Saturday, April 4, 2009

Glatiramer acetate( copolymer-1) application fails to qualify the section 3(d) of the Indian Patent Act

Application at issue- “A co-polymer fraction-1”, application number 93/DEL/2003, assigned to Yeda Research/ Teva.
Opponent Natco submitted that the copolymer-1 with the exact amino acid composition & mole ratio (alanine/glutamic acid/lysine /tyrosine as 6:2:5:1) as claimed in the present invention is already described and published in 1971 vide European Journal. Immunol, 1971,1;242-248.The same product has been patented as US 3849550 (Nov 19,1974) with the title “Therapeutic copolymer “ having the same composition mentioned above.
The only contribution in the current invention apparently is the manipulation of the molecular weight of the copolymer-1. In 93/DEL/2003 application applicants had demonstrated that low molw weight polymer (7.3 & 8.4 kDa) were less toxic as compared to prior art high molecular weight (22kDa) polymers.
Natco cited a reference clinical trial data reported in “New England Journal of Medicine” of 1987 which reported that copolymer-1 with molecular weight between 14 kDa to 23kDa was found to be non-toxic during short term and long term administration in mice, rabbit and dogs. Teva in their reply stated that the New England Journal of Medicine 1987, did not provide any satisfactory or sound argument with respect to the serious discrepancy pointed out and that they only tried to conclude that the data referring to 60% death of mice showed that the material would have toxicity in humans although it may not cause death. Controller however was not persuaded with this argument of Teva’s.
Natco also relied upon a second document EP-383620 which discloses that the product of molecular weight in the range of 5-50 kDa synthesized by polymerizing alanine, glutamic acid, lysine and tyrosine or tryptophan . This prior art teaches that copolymer-1 comprises random amino acid sequences mixture, which is non-uniform with respect to amino acid and having average molecular weight 23 kDa. Natco argued that combining the teaching of these two citations a person skilled in the art would obviously be motivated to further reduce the molecular weight of the copolymer-1 to reduce further toxicity. The prior art mentioned that the best results have been found for copolymer of 23 kDa or lower range preferably 14 to 23 kDa. Therefore it would be obvious for a person skilled in the art to further decrease the molecular weight copolymer-1, than known in the art with reduced toxicity.

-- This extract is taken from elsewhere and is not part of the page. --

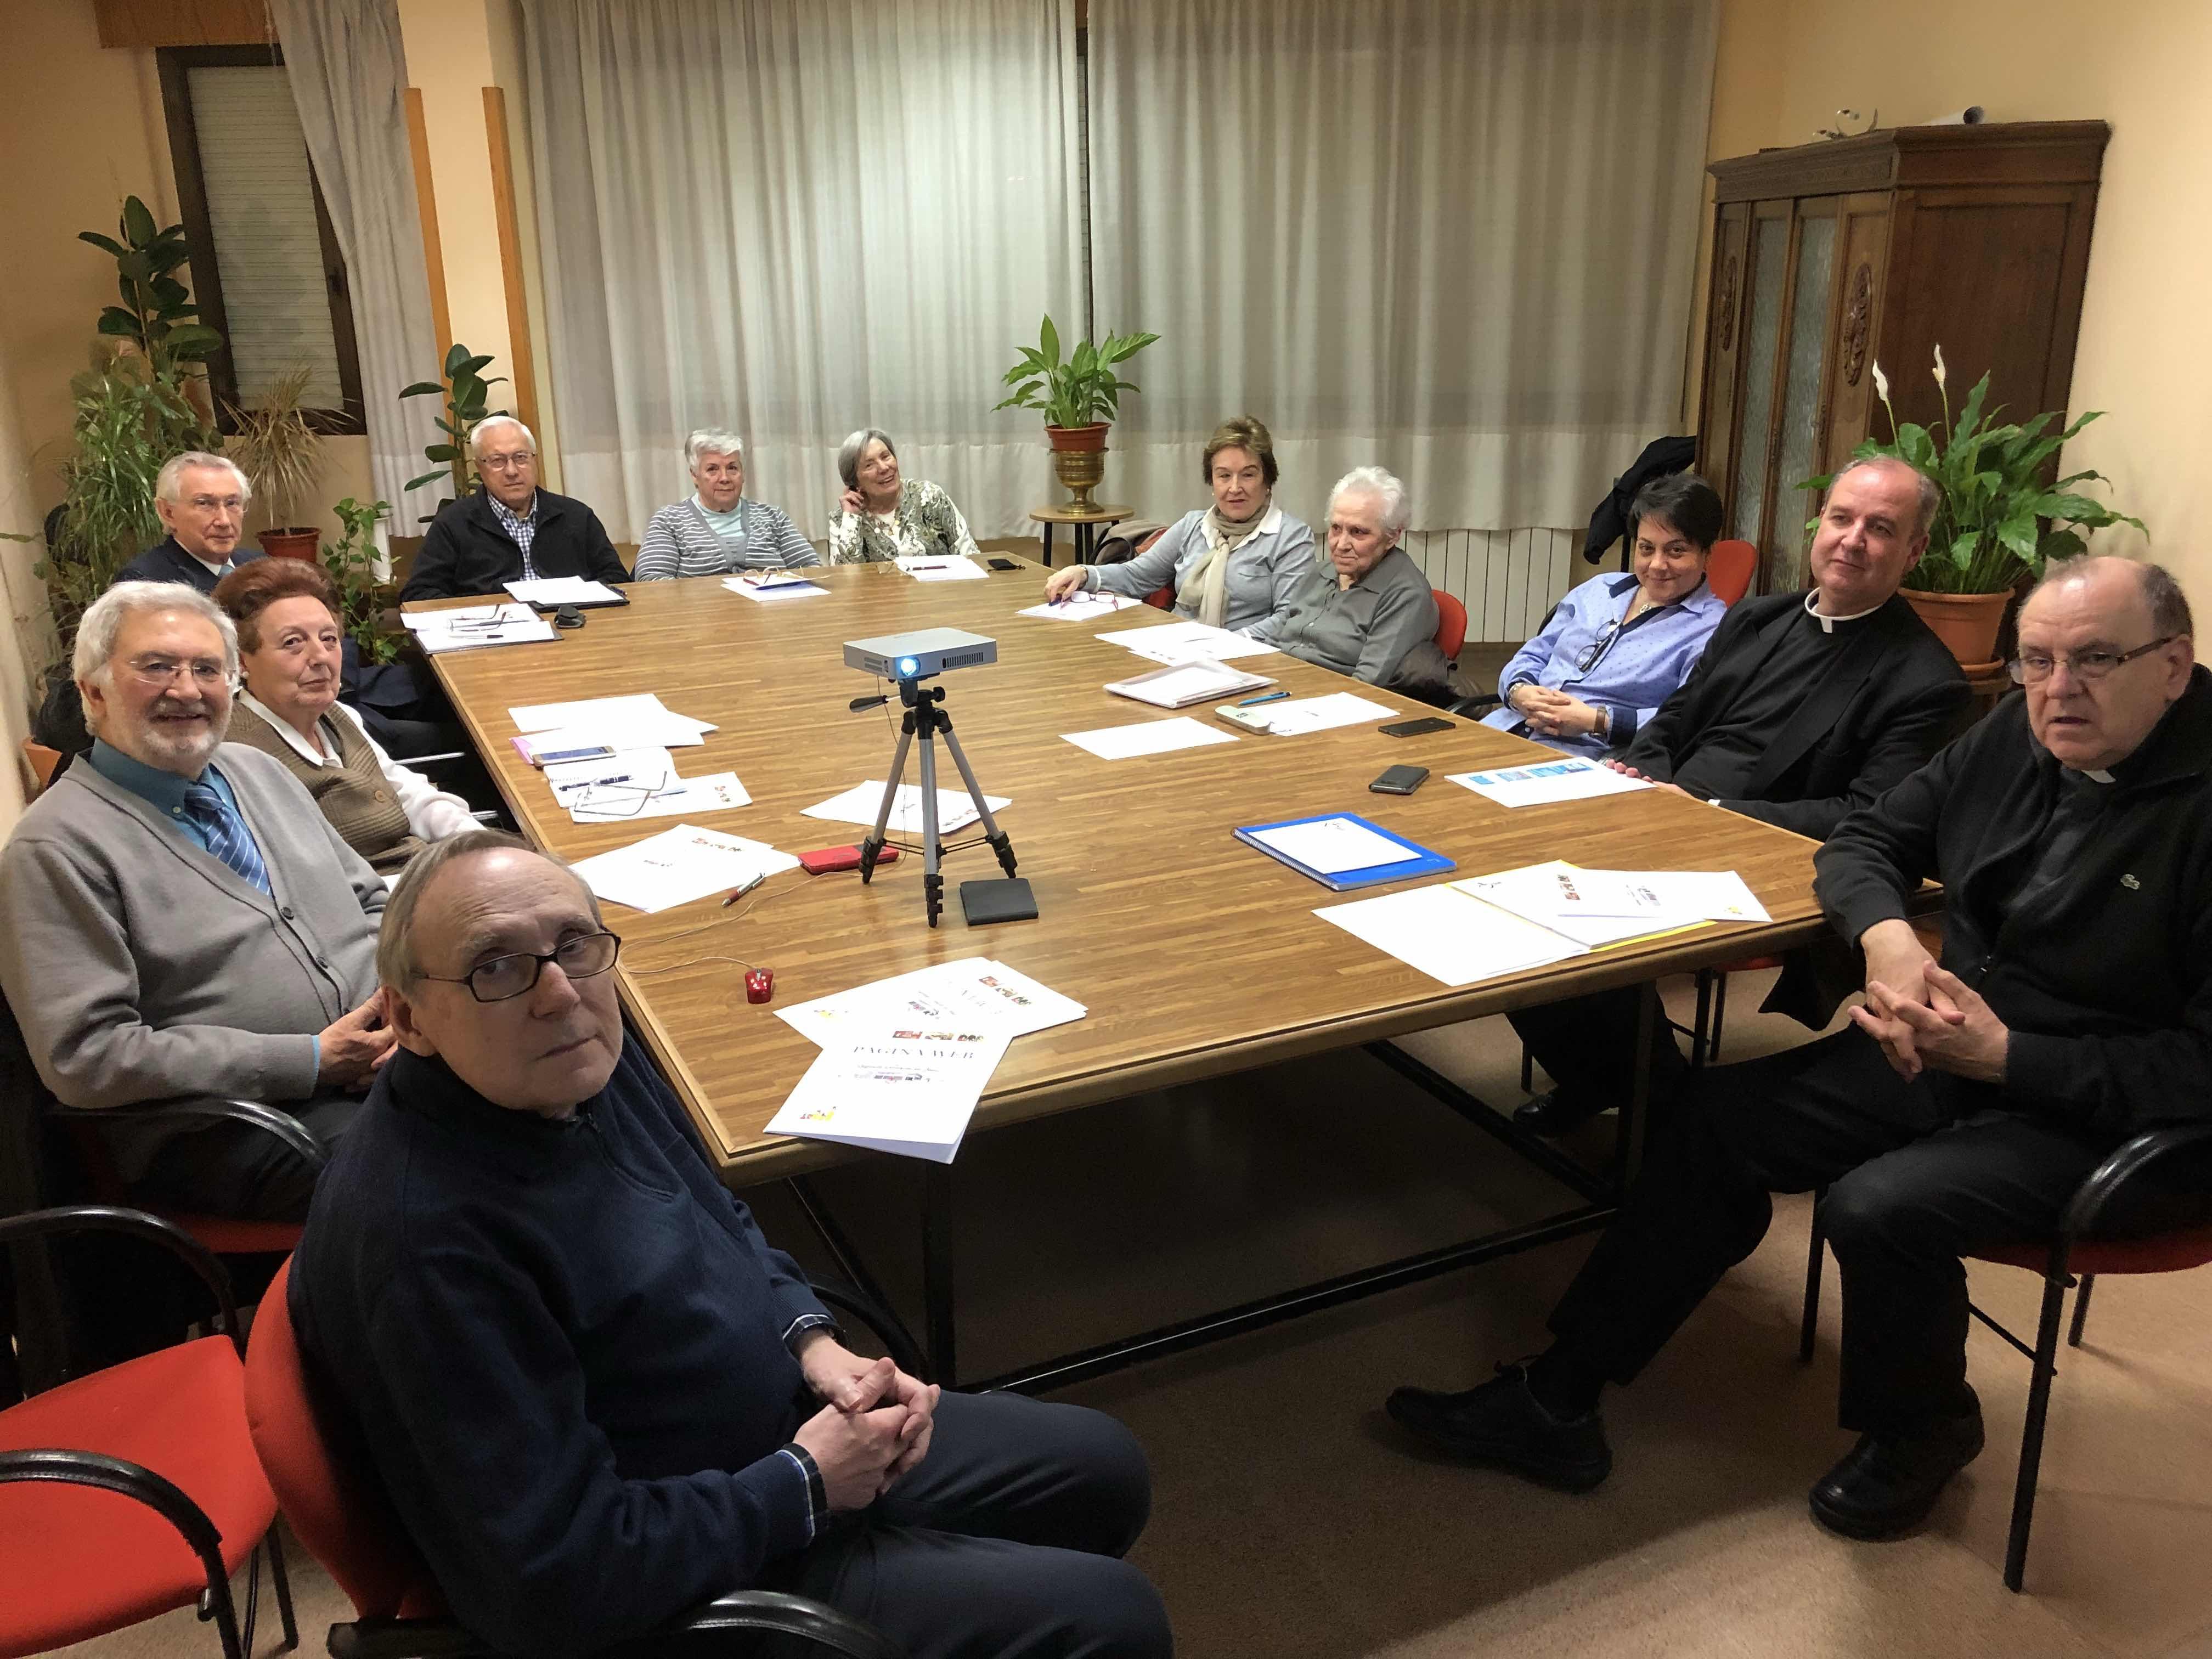 Reunión del Consejo Parroquial

Controller stated the following

“Copolymer-1 of the prior art as well as of the present invention is a potential therapeutic agent for multiple sclerosis & known for long. The applicant in the present invention has modified/ isolated the prior art copolymer-1 by known method like chromatography, acid/enzymatic hydrolysis etc. to obtain a lower average molecular weight copolymer-1 species particularly in the range of 2-20 kDa with no more than 5% species having molecular weight above 40 kDa.
The selection of lower average molecular weight copolymer-1 was motivated from three prior arts cited by Natco” emphasis added

Controller also stated that Applicant’s experimental report is not reliable, further experimental evidence should have been forwarded at least during prosecution, particularly on the face of it being contradictory to the report of annexure 7 as well as the inferences shown in Annexure 3 and prior art EP/0383620 specification of copolymer-1.

Finally it was concluded that the present invention is definitely a selection from the prior art, & is a subject of section 3(d) being a product, made up of component species. Every selection will lack in inventiveness if it is not accompanied by surprising efficacious effect. The specification of the present invention does not provide any such effect. The toxicity analysis appears to be inadequate and applicant ought to have forwarded more evidences of its experiments. Therefore under section 3(d) of the Indian Patent Act which takes cognizance of such modification under this section , is not satisfied or in other word the requirement of this section not fulfilled. The application fails to qualify the section 3(d) of the Indian Patent Act and is obvious and does not contain an inventive step.